Karl Kwon (Instructor) – Cloud Data Engineer at Blackboard Insurance: Karl Kwon is a cloud data engineer specializing in data visualization at Blackboard Insurance in New York City area. He loves data and the insights that can be found inside. He develops compelling, intuitive, and functional data visualization tools through statistical optimization and ML models. He holds a Ph.D. in Computer Science from the University of Houston where he developed a powerful data visualization tool of scientific and academic careers called ScholarPlot. Also, he earned his M.S. in Computer Science and a B.S. in Software Engineering, respectively.
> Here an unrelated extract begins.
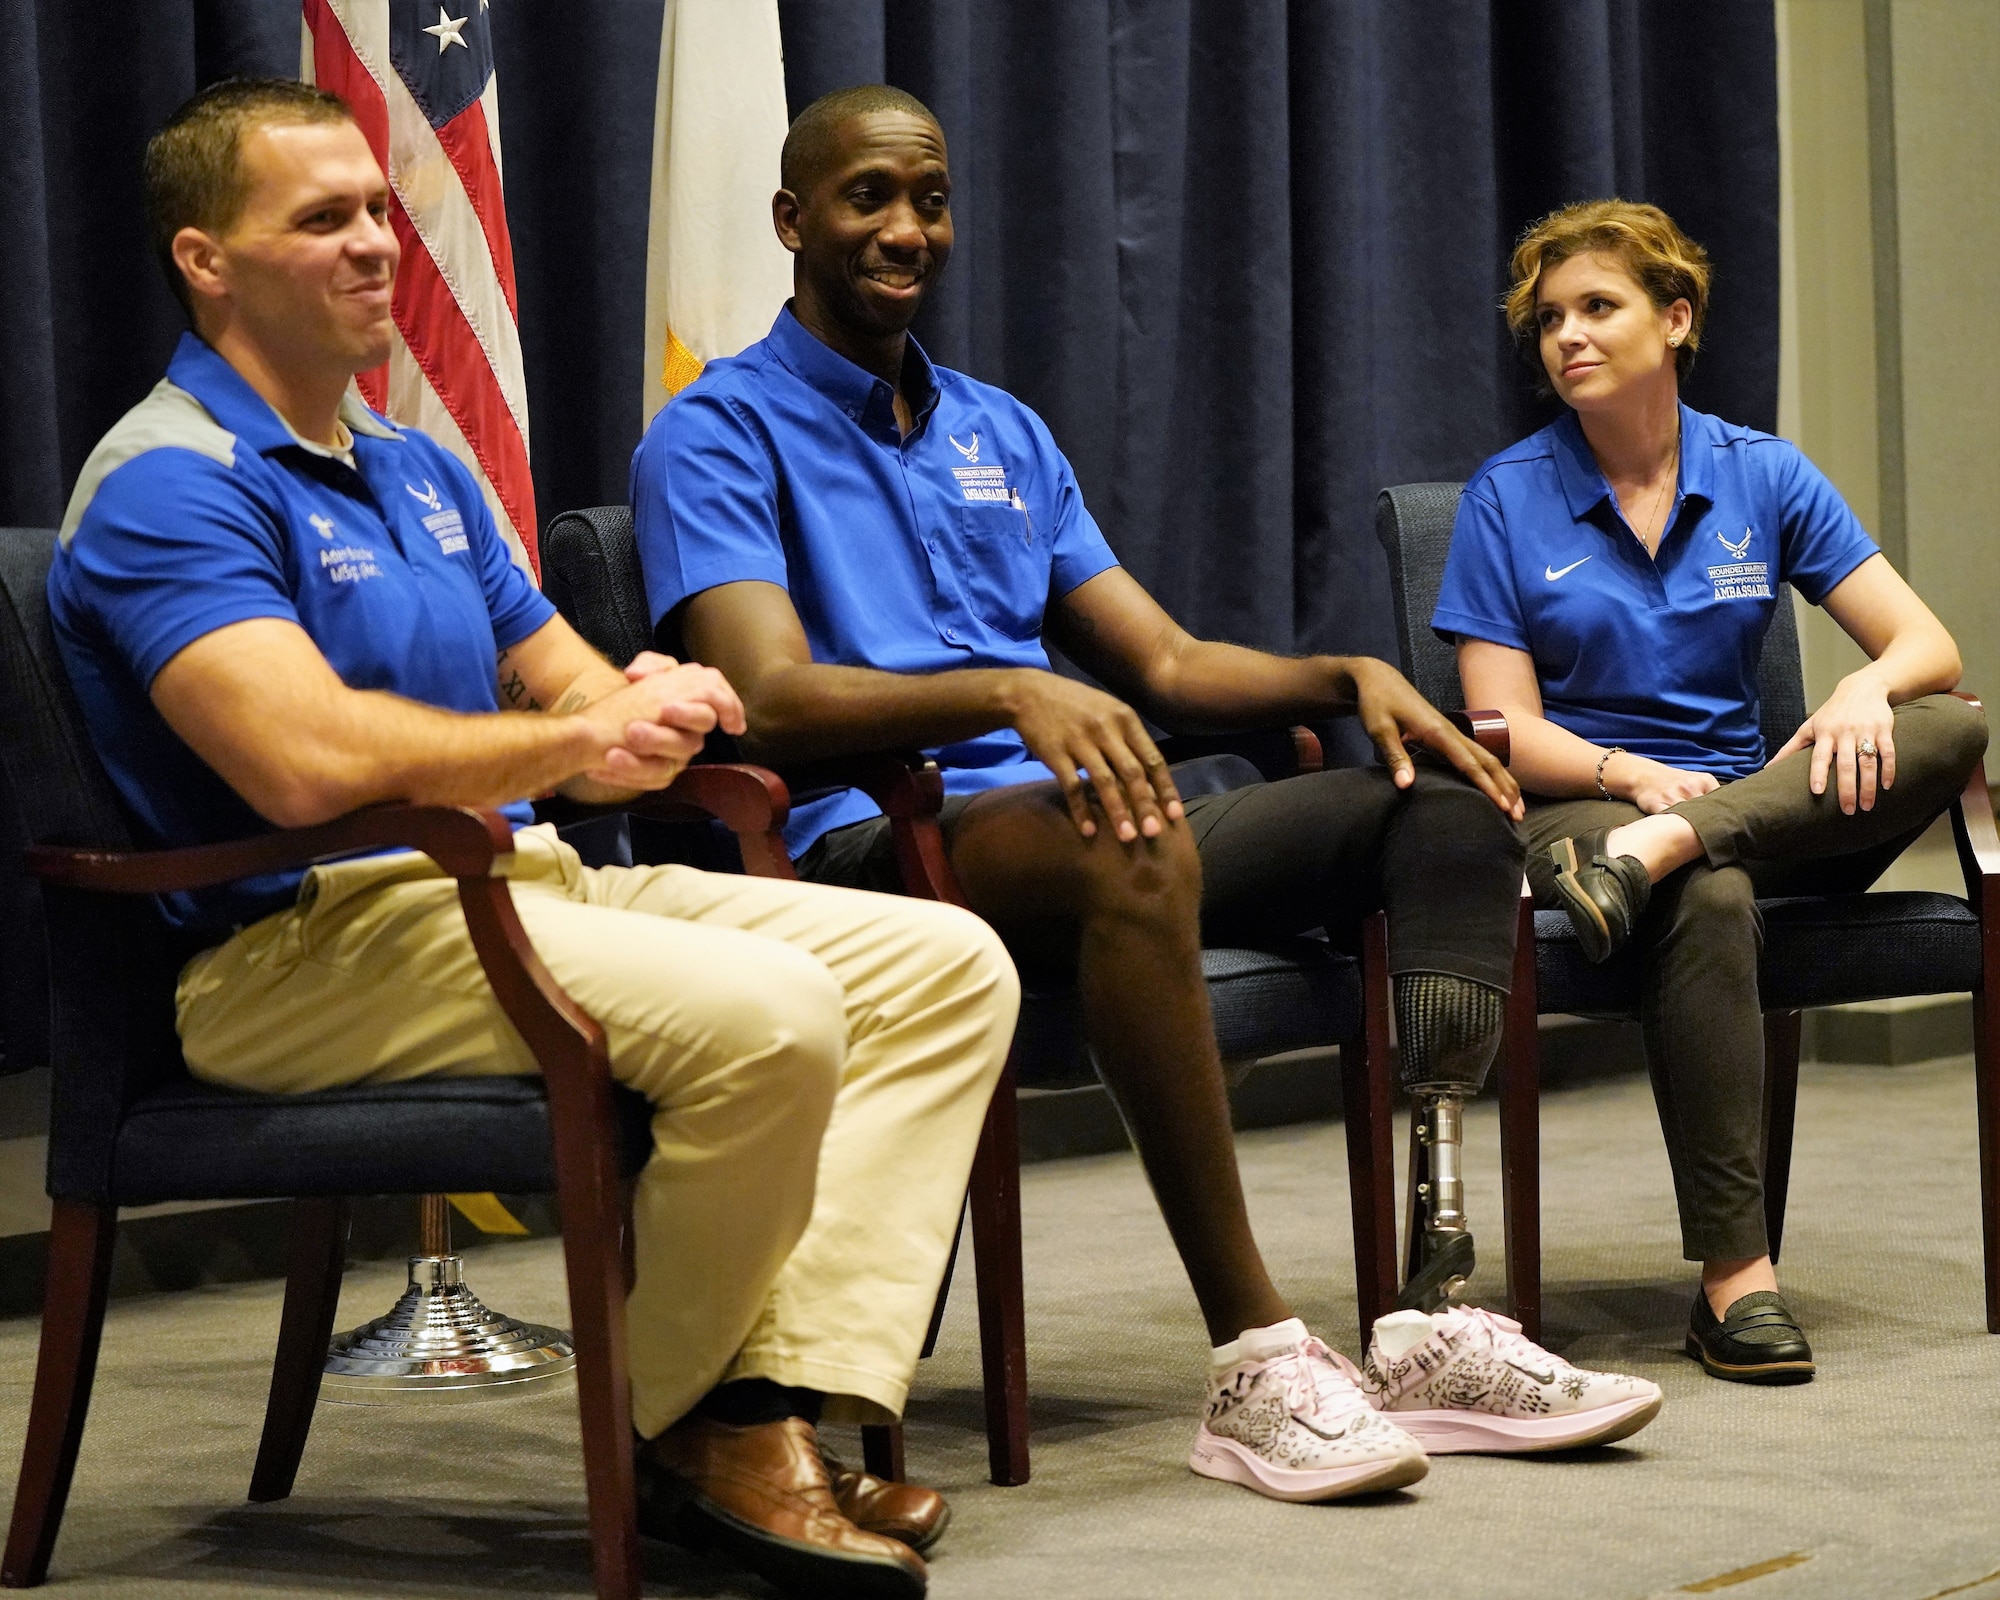 Three Air Force Wounded Warrior Program Ambassadors (pictured left to right), Master Sgt. (Ret.) Adam Boccher, Staff Sgt. Kevin Greene, and Maj. (Ret.) Emily Elmore, discuss their unique experiences on the road to recovery and resiliency during an event conducted at U.S. Transportation Command, Aug. 21.

Benjamin Lee (Organizer, Instructor) – Senior Research Associate at Weill Cornell Medicine: Benjamin Lee is a Sr. Research Associate at Weill Cornell Medicine.  Ben is a researcher developing machine learning algorithms for cardiac medical imaging focusing on convolutional neural networks for 3D SPECT/PET/CT images for disease detection. Ben received his Ph.D. at the University of Michigan in Electrical Engineering specializing in image processing and image reconstruction and his B.S. from Cornell University.


Stella Chun (Organizer) – Biosciences Account Manager at Thermo Fisher Scientific.  Stella Chun is a bioscience account manager in Life Sciences Solution at Thermo Fisher Scientific.  Stella has led several KSEA career development workshops and events.